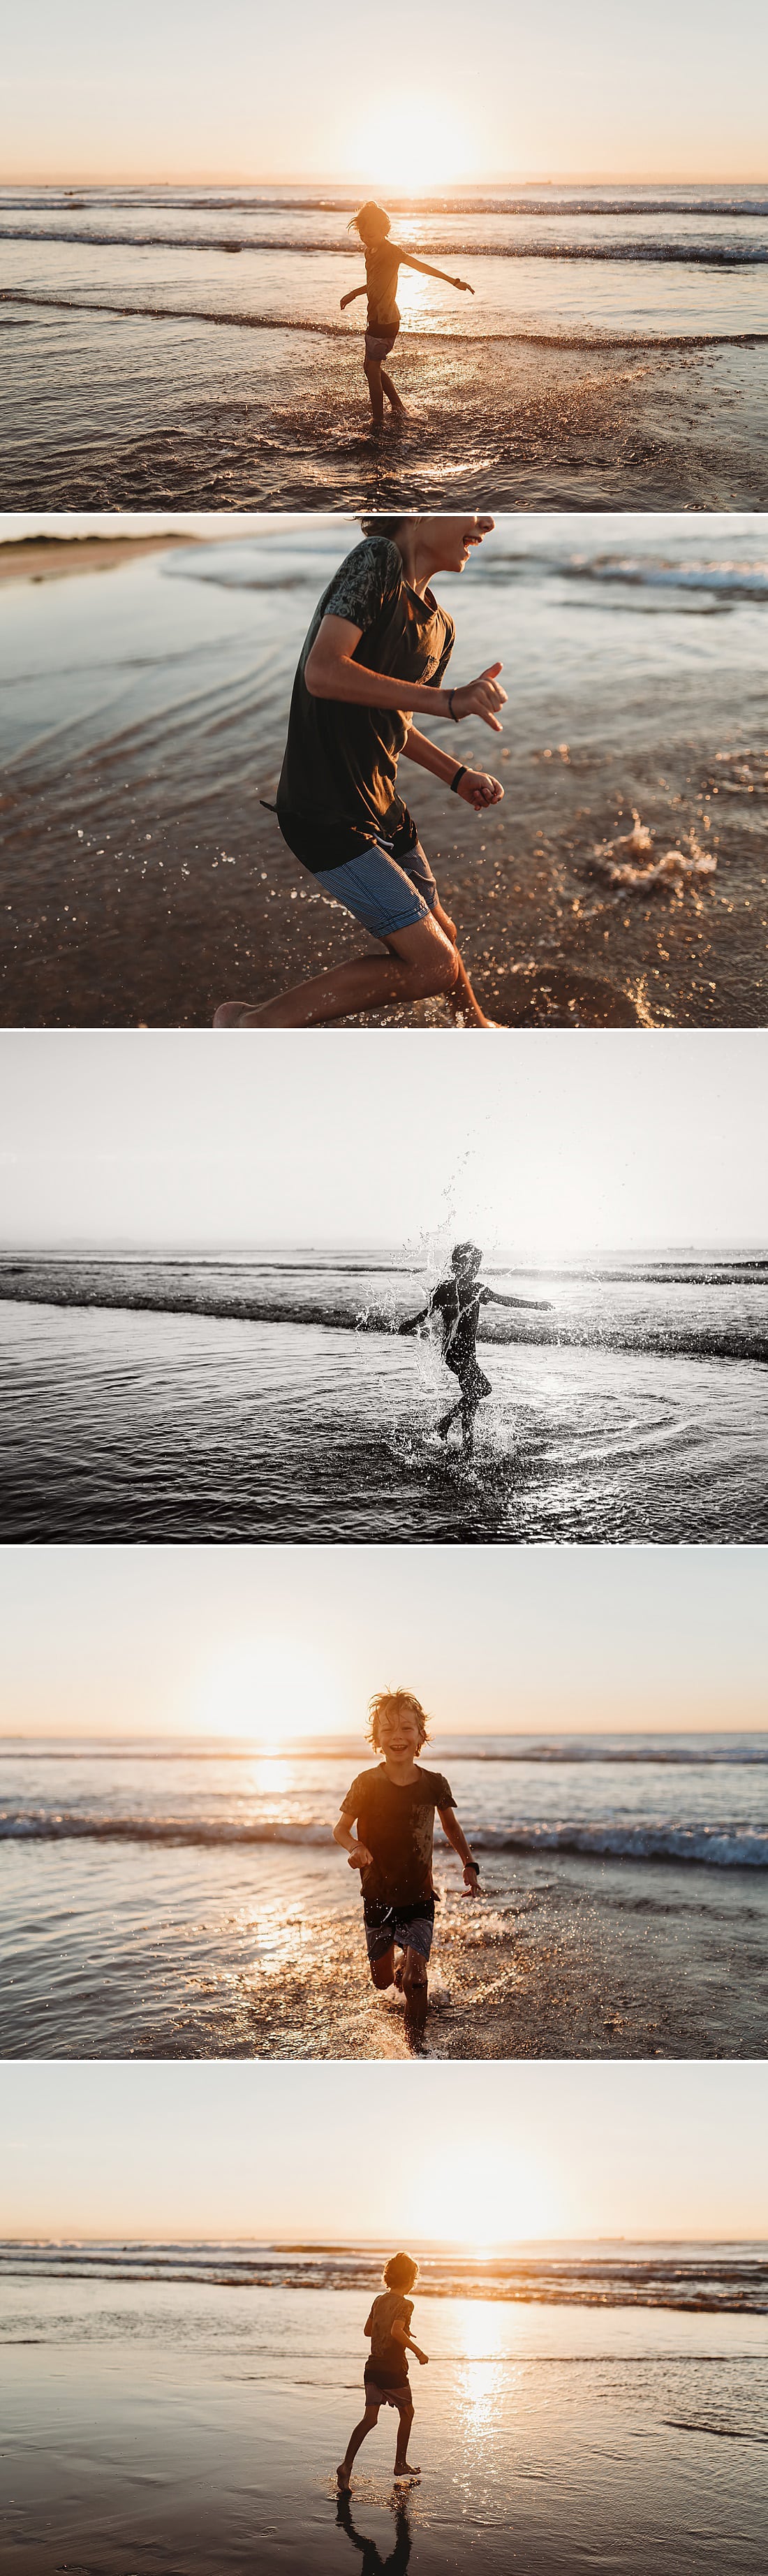 Lifestyle-family-photography-sunrise-beach-fun
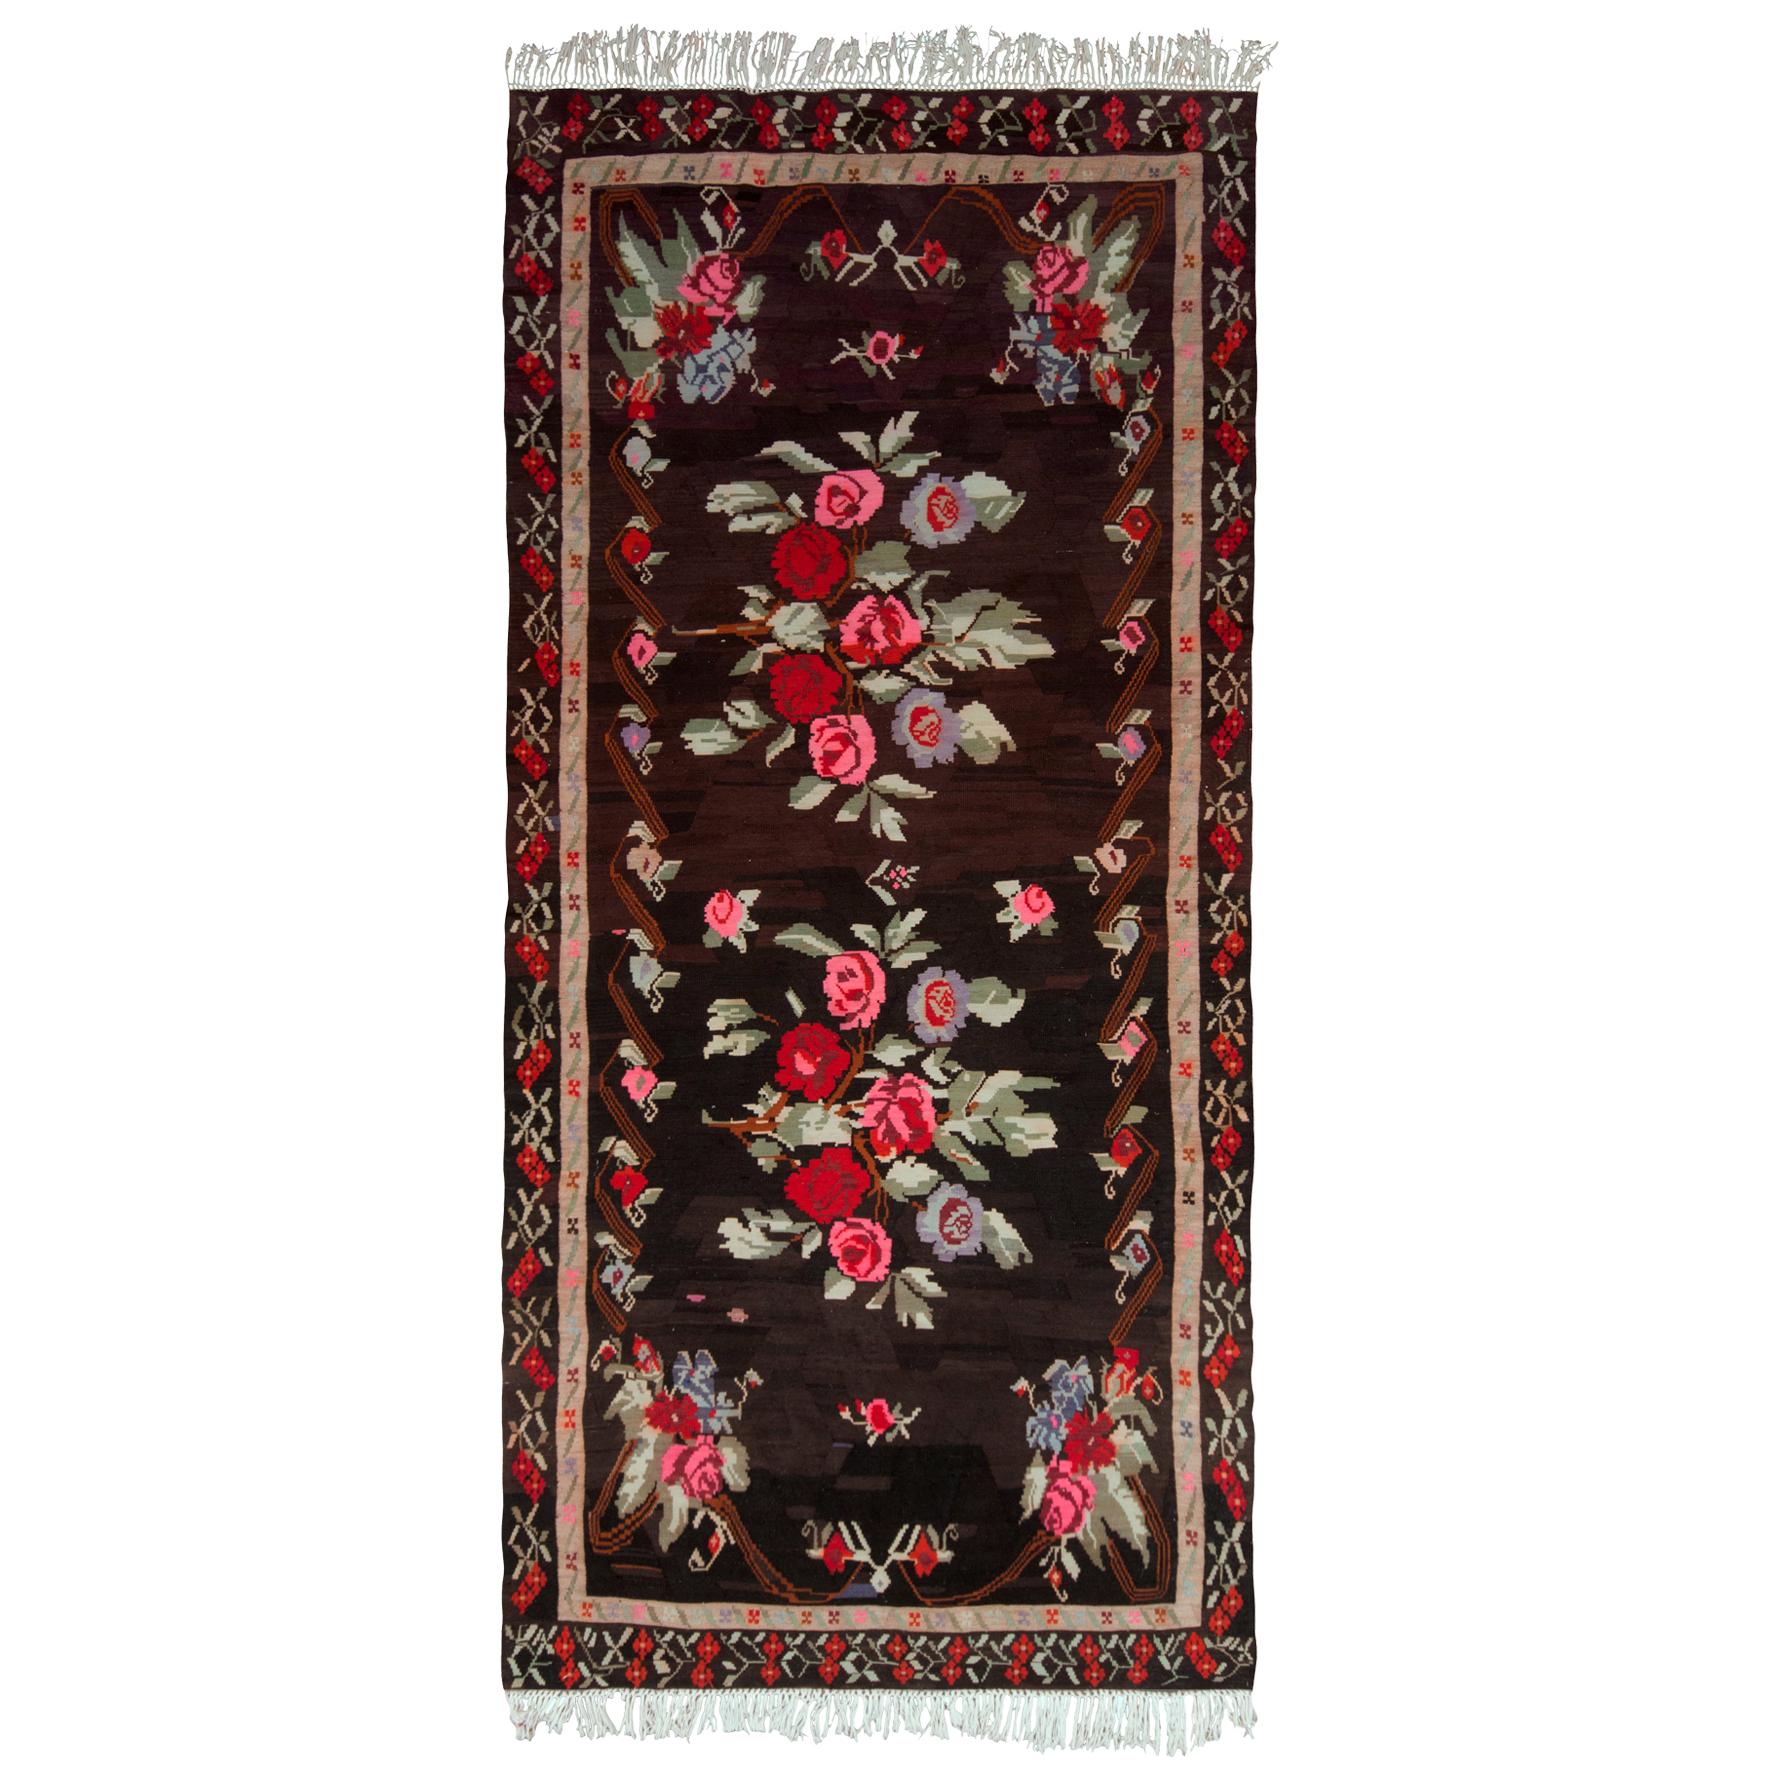 Midcentury Vintage Kilim Rug Black Red Floral Turkish Flat-Weave by Rug & Kilim For Sale
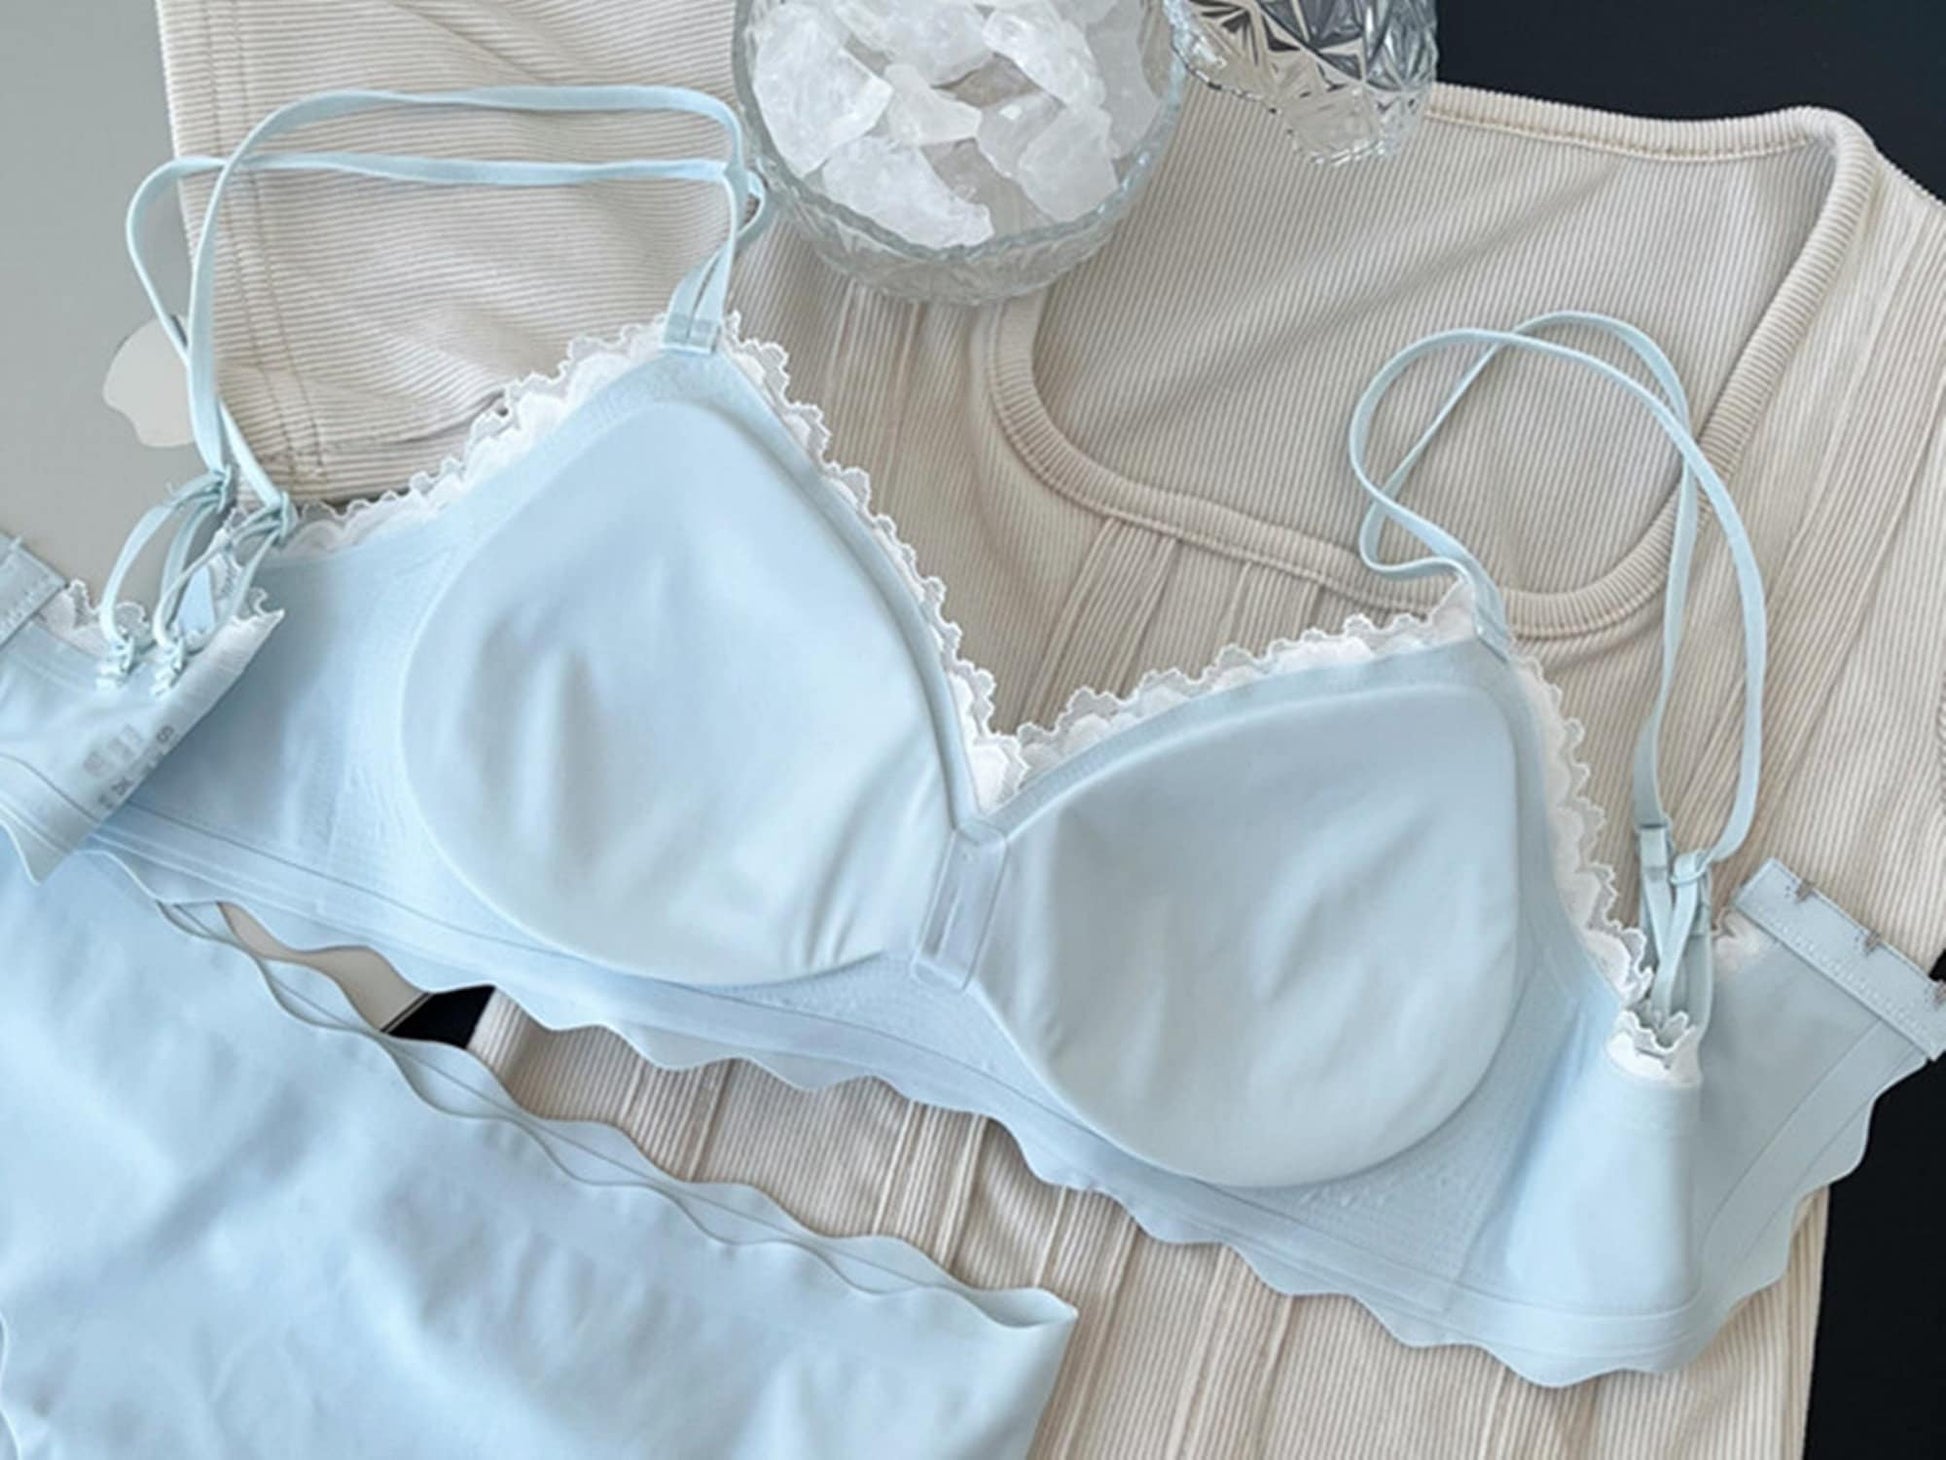 Alpha C Seamless Smooth Wireless lingerie Comfort Thin Padded Support Bralette Push up bra for small breast bra LingerieSetArt

-- ASSIGNED TASK --
The whole of the data above needs retyping exactly, with pictures omitted.

-- RESPONSE --
 Lifestyle-family-photography-sunrise-beach-fun
 Midcentury Vintage Kilim Rug Black Red Floral Turkish Flat-Weave by Rug & Kilim For Sale
 Alpha C Seamless Smooth Wireless lingerie Comfort Thin Padded Support Bralette Push up bra for small breast bra LingerieSetArt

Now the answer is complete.